AWS S3 Storage Lens: The Best Service Not Announced at AWS Storage Day

Episode Summary

Join Pete and Jesse as they talk about the coolest service not announced at AWS Storage Day: AWS S3 Storage Lens, which lets you track your S3 usage across accounts. They discuss how this new service solves a major problem, how you’d have to track S3 usage prior to Storage Lens, how many organizations spend a lot of money storing multipart file uploads that fail, how AWS deserves kudos for making it super easy to set up the new service, what’s missing in AWS S3 Storage Lens, how Jesse and Pete spend more time than anyone should spend reading AWS documentation, and more.

Episode Show Notes & Transcript

Links


Transcript
Corey: This episode is sponsored by ExtraHop. ExtraHop provides threat detection and response for the Enterprise (not the starship). On-prem security doesn’t translate well to cloud or multi-cloud environments, and that’s not even counting IoT. ExtraHop automatically discovers everything inside the perimeter, including your cloud workloads and IoT devices, detects these threats up to 35 percent faster, and helps you act immediately. Ask for a free trial of detection and response for AWS today at extrahop.com/trial.

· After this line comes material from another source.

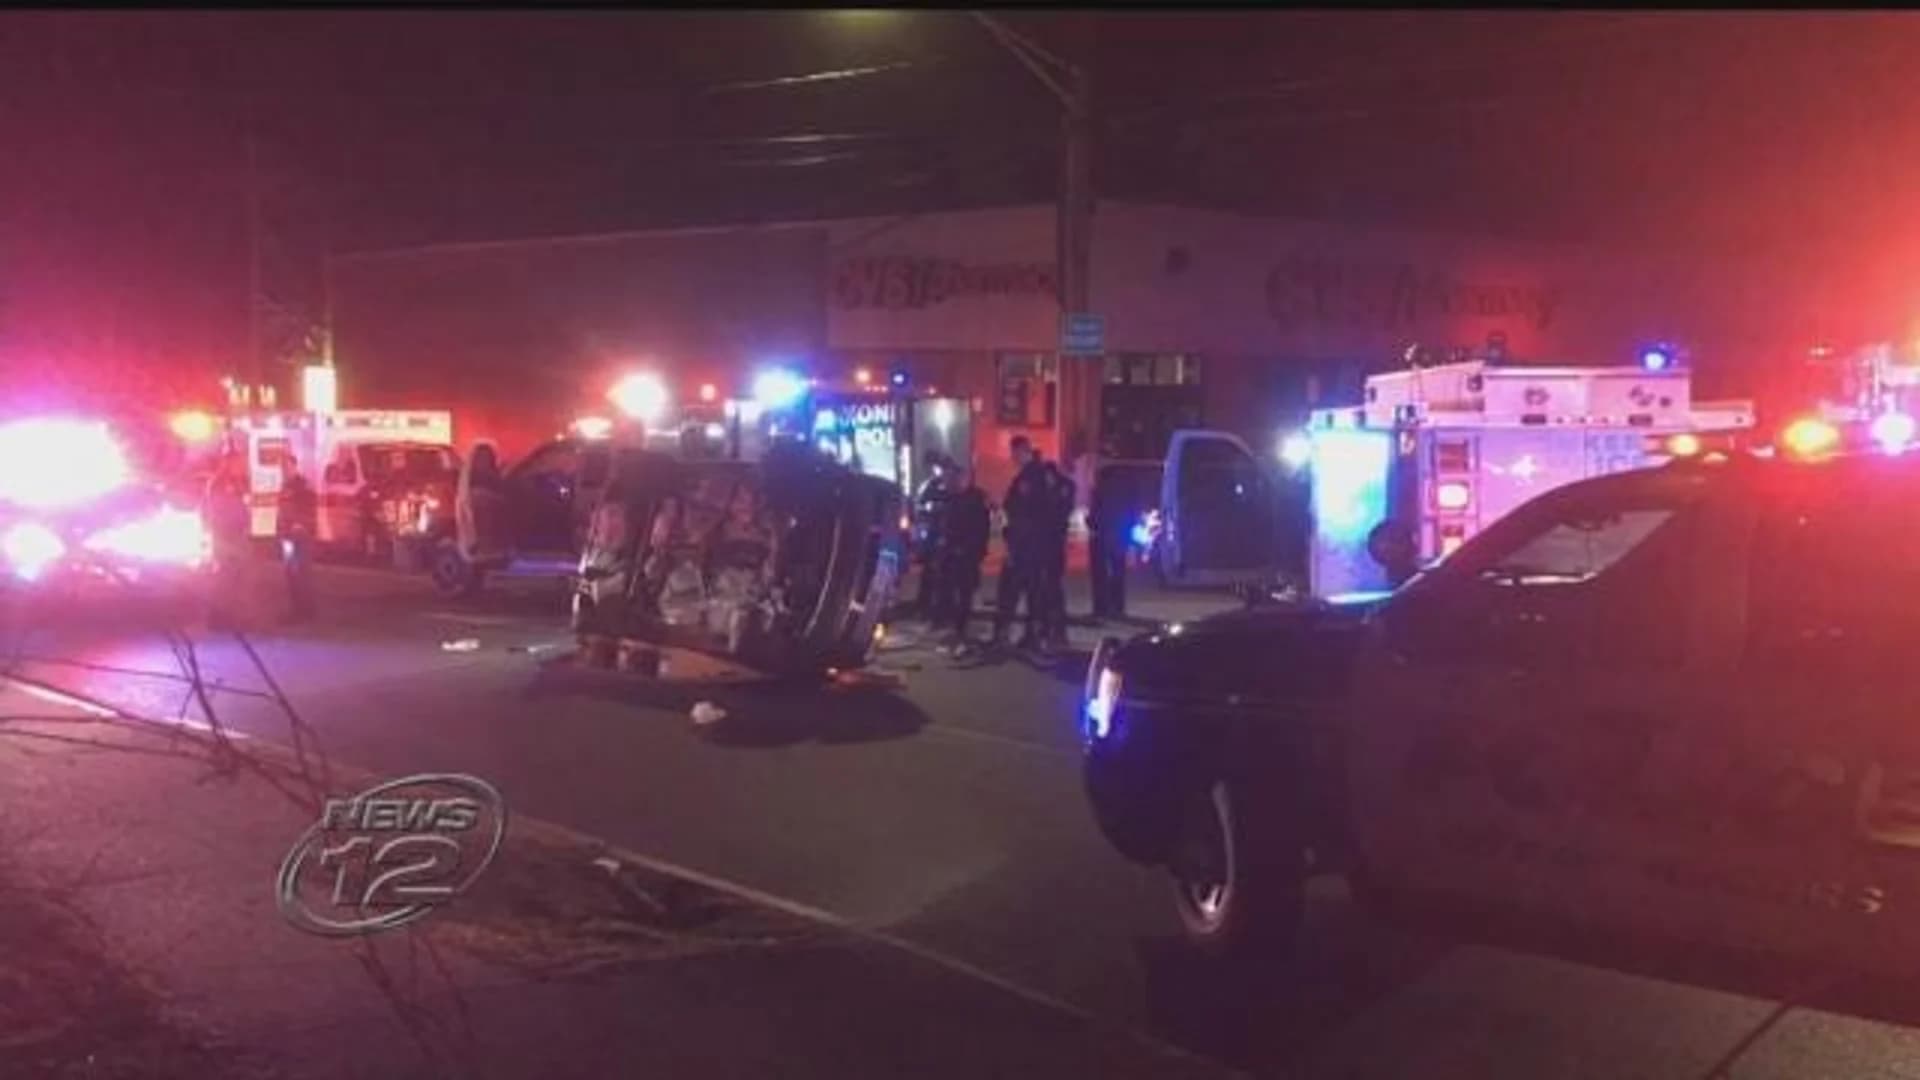 First responders rescue people trapped in car crash

Pete: Hello, welcome to AWS Morning Brief. I am Pete Cheslock, and I am here yet again with Jesse DeRose.


Jesse: Hello. 


Pete: We here to talk about the best service announced not during AWS Storage Day 2020.


Jesse: So, close.


Pete: So, close, though. It was announced a few days after, and that is the AWS S3 Storage Lens service, which I think I've got that naming right. I know sometimes it's ‘AWS thing,’ sometimes it's ‘Amazon thing,’ and to be honest, I never know which is which. 


Jesse: Yeah.


Pete: AWS S3 Storage Lens is honestly one of the best new services that I've seen out, released thus far. I guess we're still pre-re:Invent announcements in a lot of this stuff. But what it is is a—from their site it says, “S3 Storage Lens delivers organization-wide visibility into object storage usage, activity trends,” blah, blah, blah, blah, blah, marketing speak. Basically, it allows you to get a view of your S3 usage across accounts. Which, that's mindblowing, right?


Jesse: Yeah. This feature has so much potential; I'm really excited to see where they go with it.

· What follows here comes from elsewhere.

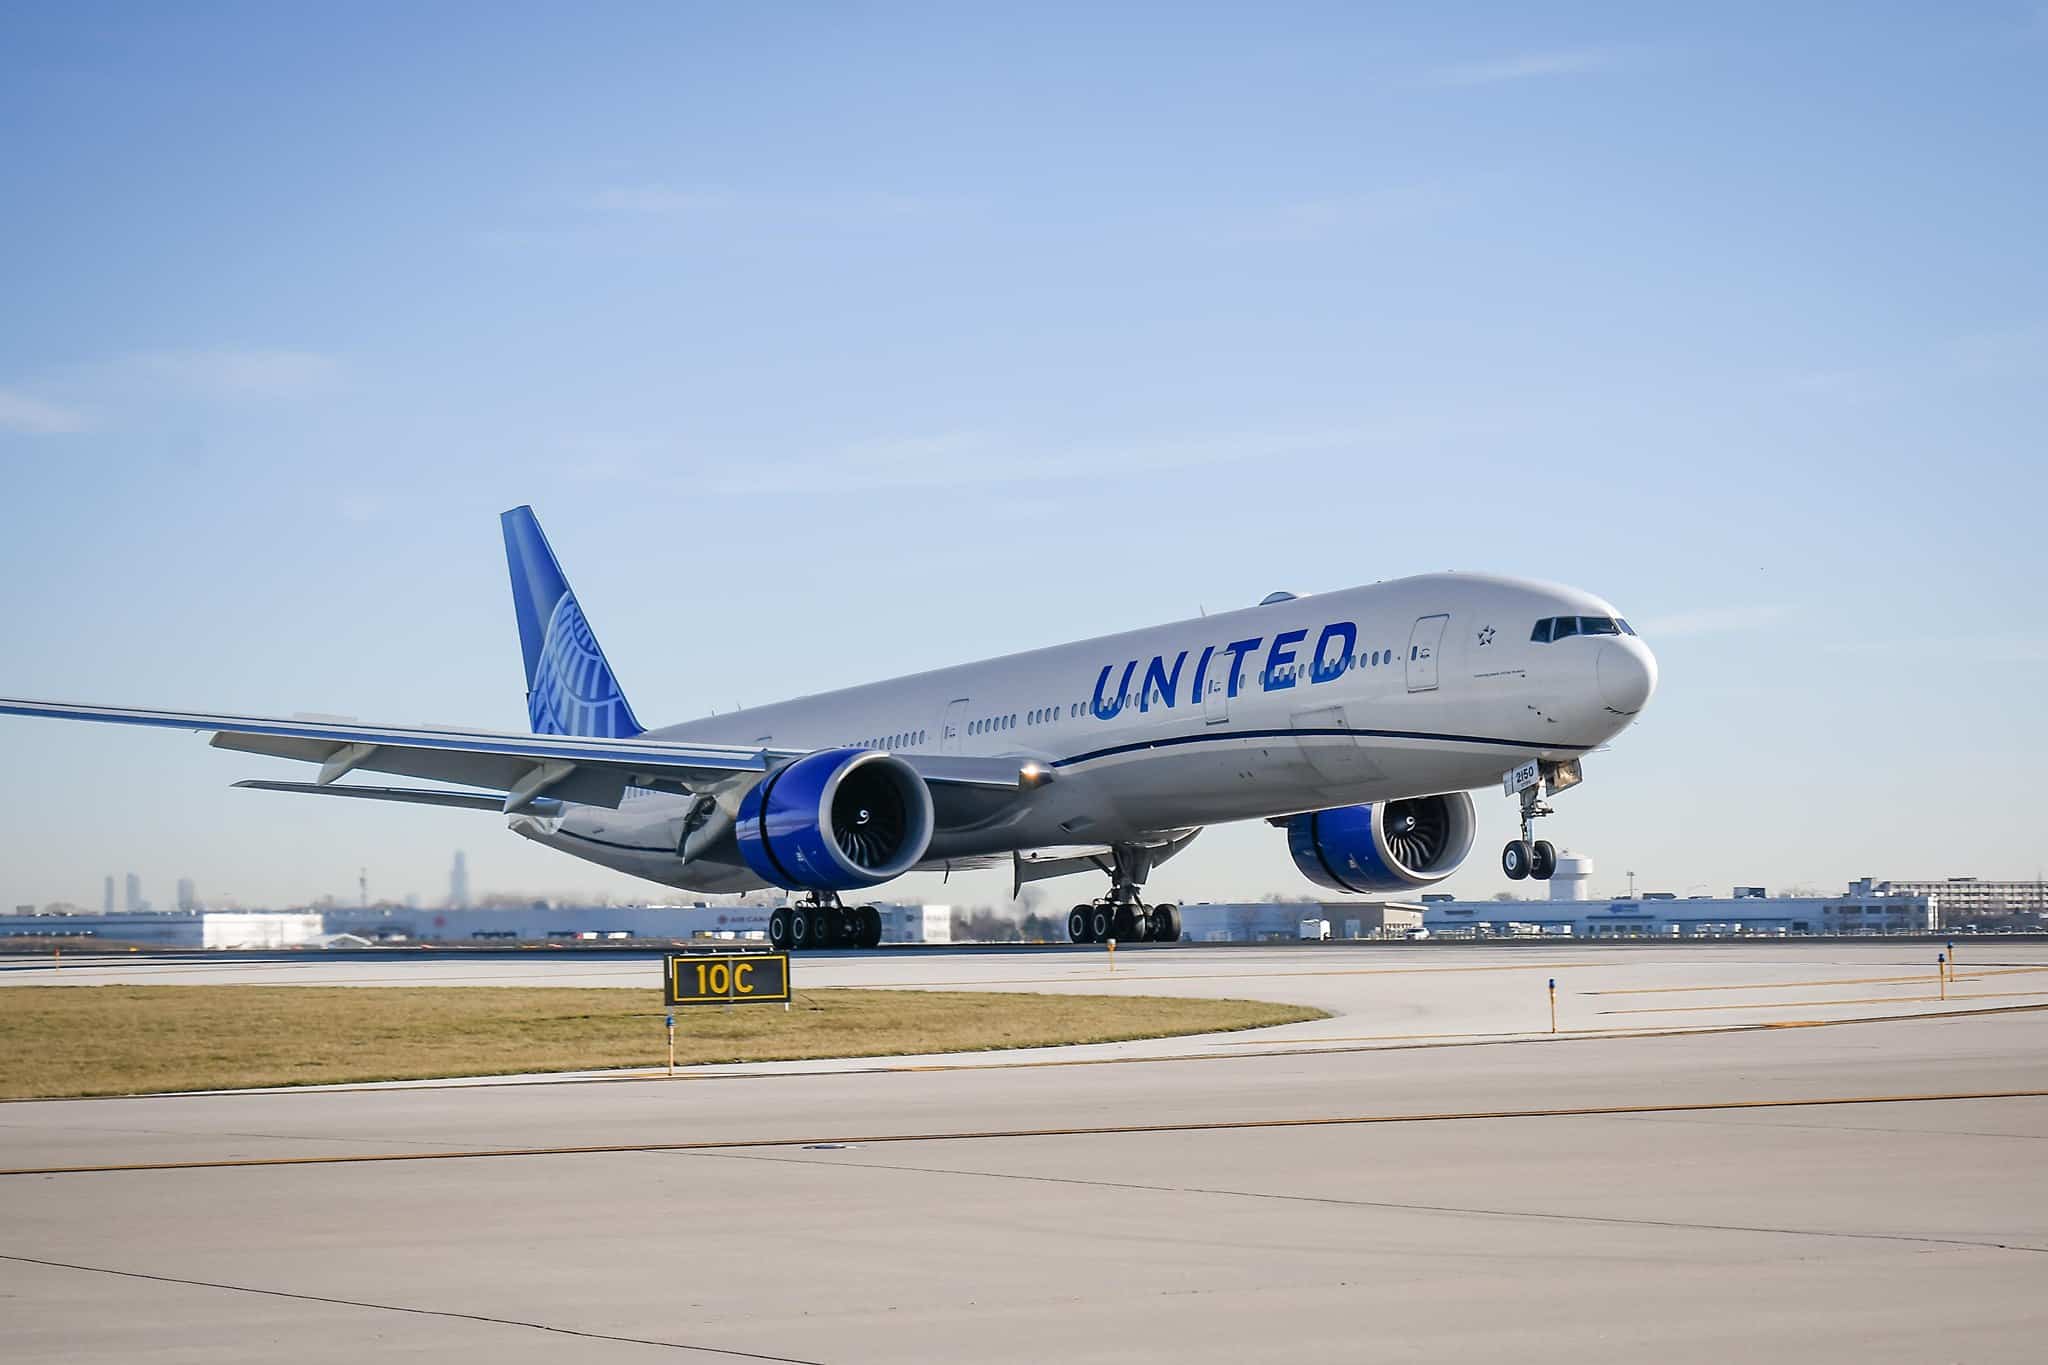 United Airlines launches summer flights from U.S to Greece

Pete: Yeah. And so when I first saw this blog post on Amazon’s site talking about it, my mind just started going crazy because again, we work in Duckbill Group as cloud economists with a lot of different clients, and because Amazon organizations may be the reason why, made it very easy to spin up new accounts, maybe also the adage, the design principle of creating many Amazon accounts to kind of segment workloads or to provide you to—segment your workloads in a way for cost reasoning or security reasons. But all of those things—somewhat related, somewhat not—have caused a lot of our clients to have lots of Amazon accounts. I mean, you could see hundreds, in some cases, of Amazon accounts. 


And the issue that I've always kind of had, and especially an issue we deal with in helping our clients analyze their costs and optimize their costs is how do you aggregate S3 usage? Because S3 is normally in the top five of services that we see in usage, how do you pull that together? And I guess we do that a lot of different ways. Jesse, maybe you can chat a little bit about what are some of the ways that we try to analyze this spend currently?


Jesse: Yeah. Pete, I think I'm really excited about this feature because AWS already offers aggregate looks at metrics for other top services by spend. Like, for EC2, you've got Compute Optimizer. We don't have anything for RDS yet, but I feel like that might be not far off, given Compute Optimizer’s existence. And we already have other tools that allow you to look across multiple accounts to look at metrics, especially if you're looking at Cost Explorer, for example, you can see metrics across multiple accounts, you can see spend across multiple accounts. 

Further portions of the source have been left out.